• **Work task**:
Leave the images aside and copy out the whole listing, exact to the word.
[[ Data block, beginning ]]
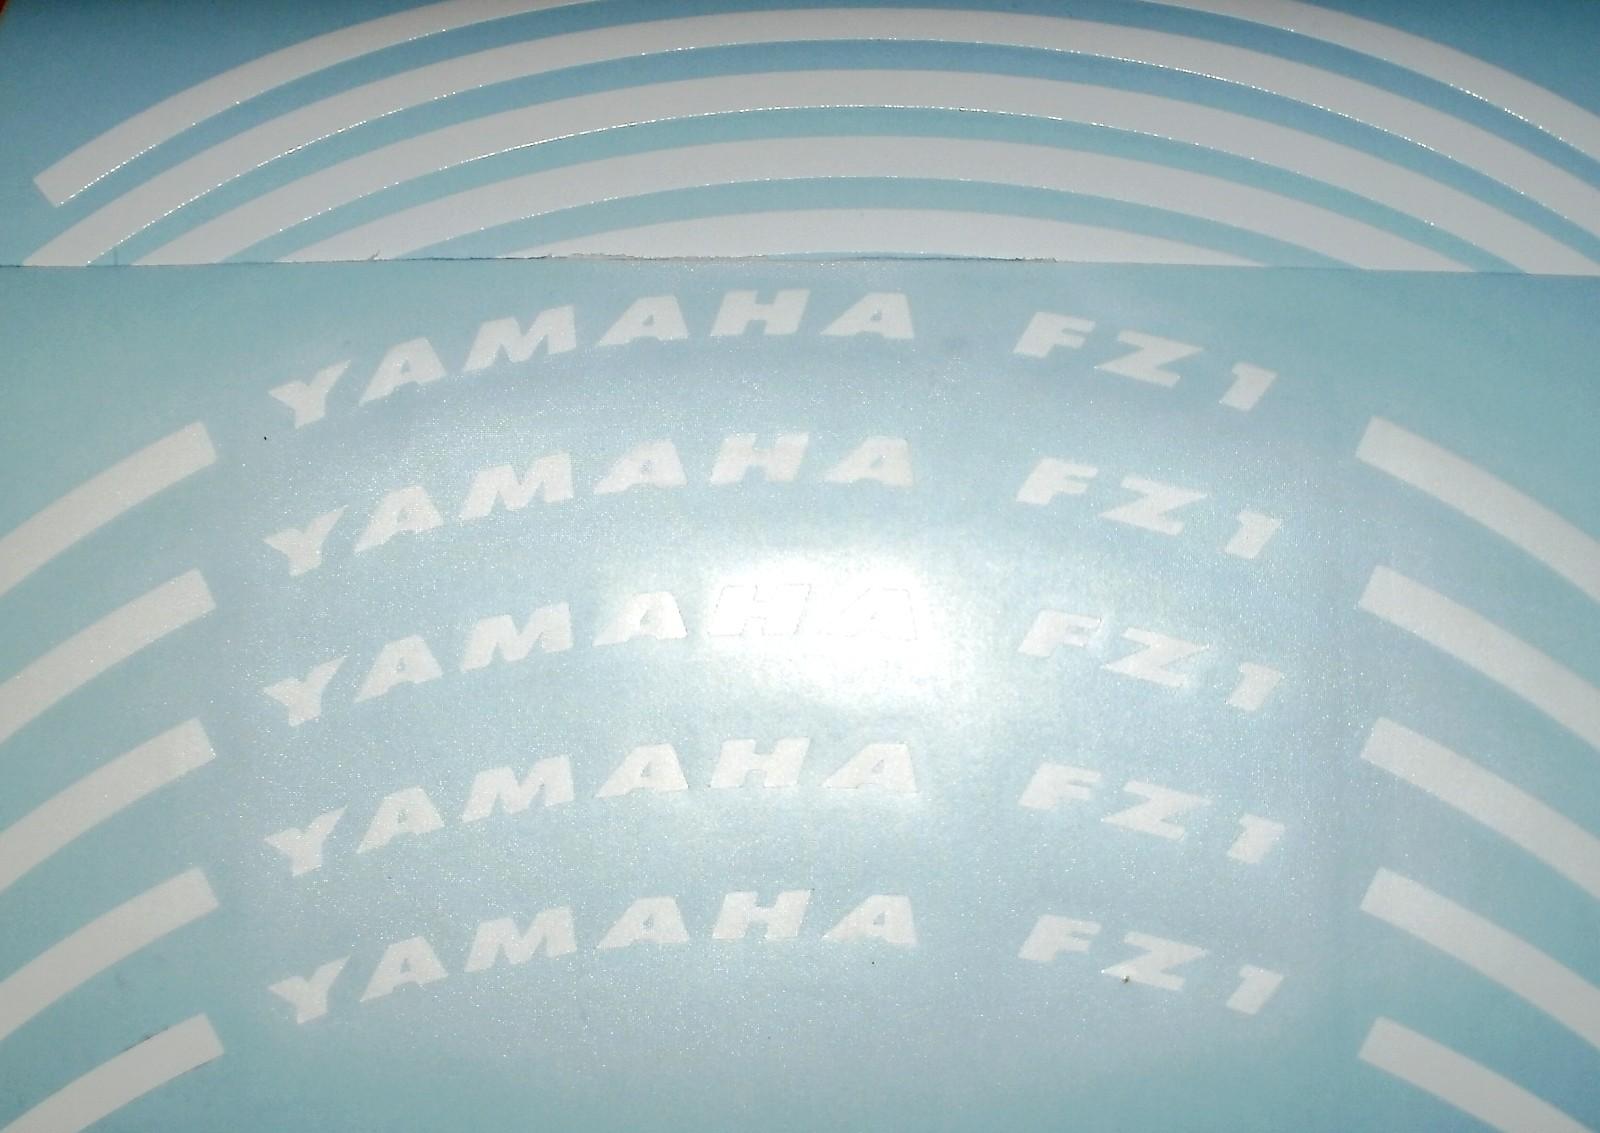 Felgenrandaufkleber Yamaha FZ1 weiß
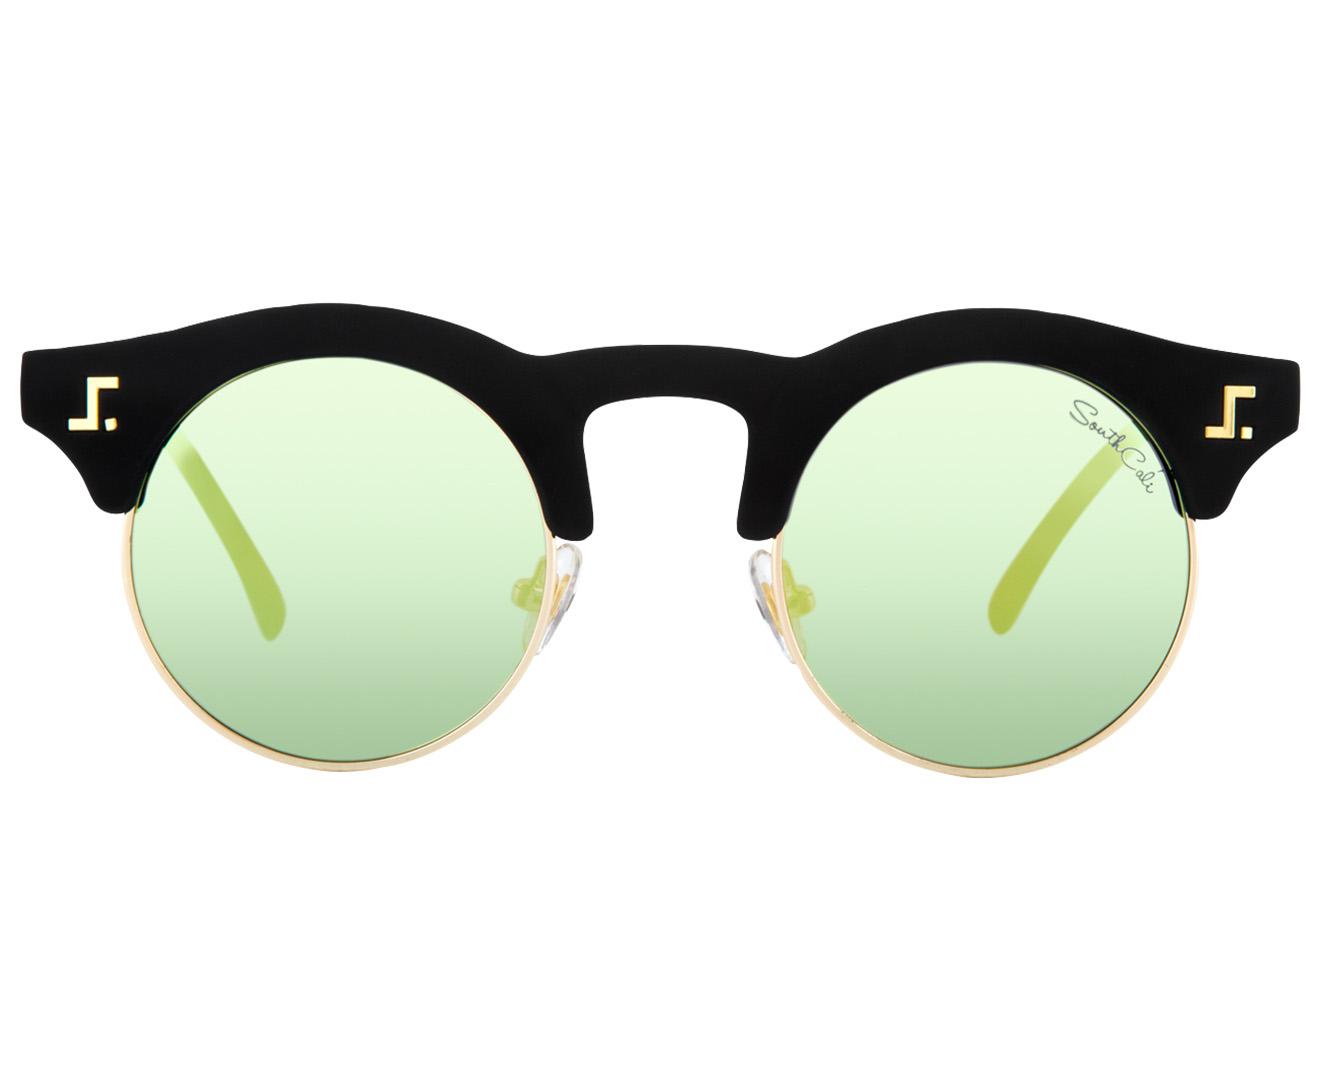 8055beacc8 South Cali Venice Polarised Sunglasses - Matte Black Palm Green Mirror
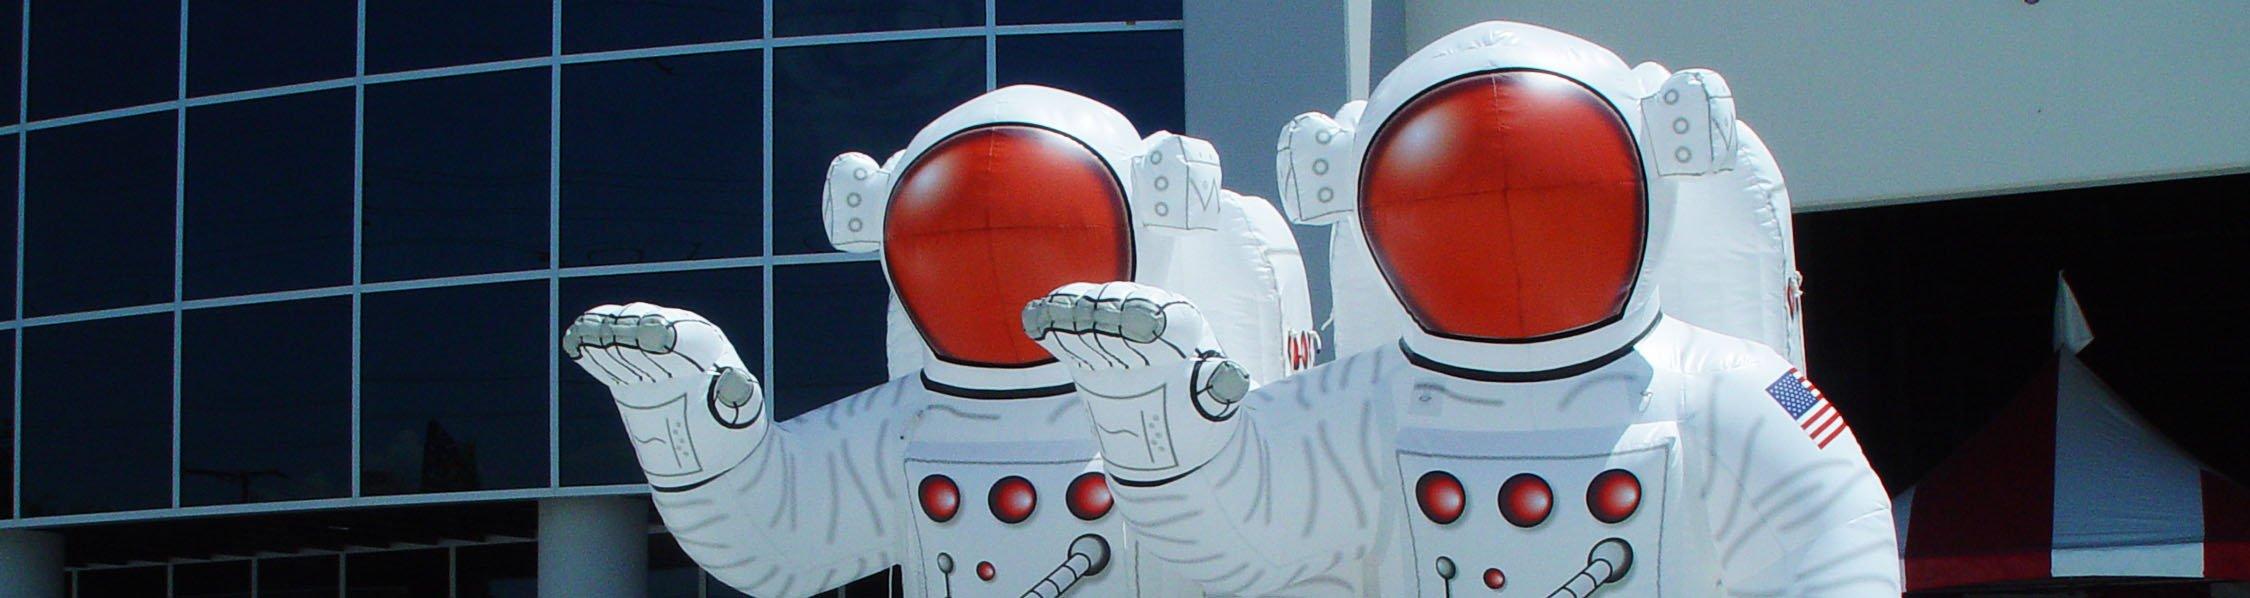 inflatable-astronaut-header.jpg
[[ Data block, end ]]
• **Final answer**:
 Felgenrandaufkleber Yamaha FZ1 weiß
 8055beacc8 South Cali Venice Polarised Sunglasses - Matte Black Palm Green Mirror
 inflatable-astronaut-header.jpg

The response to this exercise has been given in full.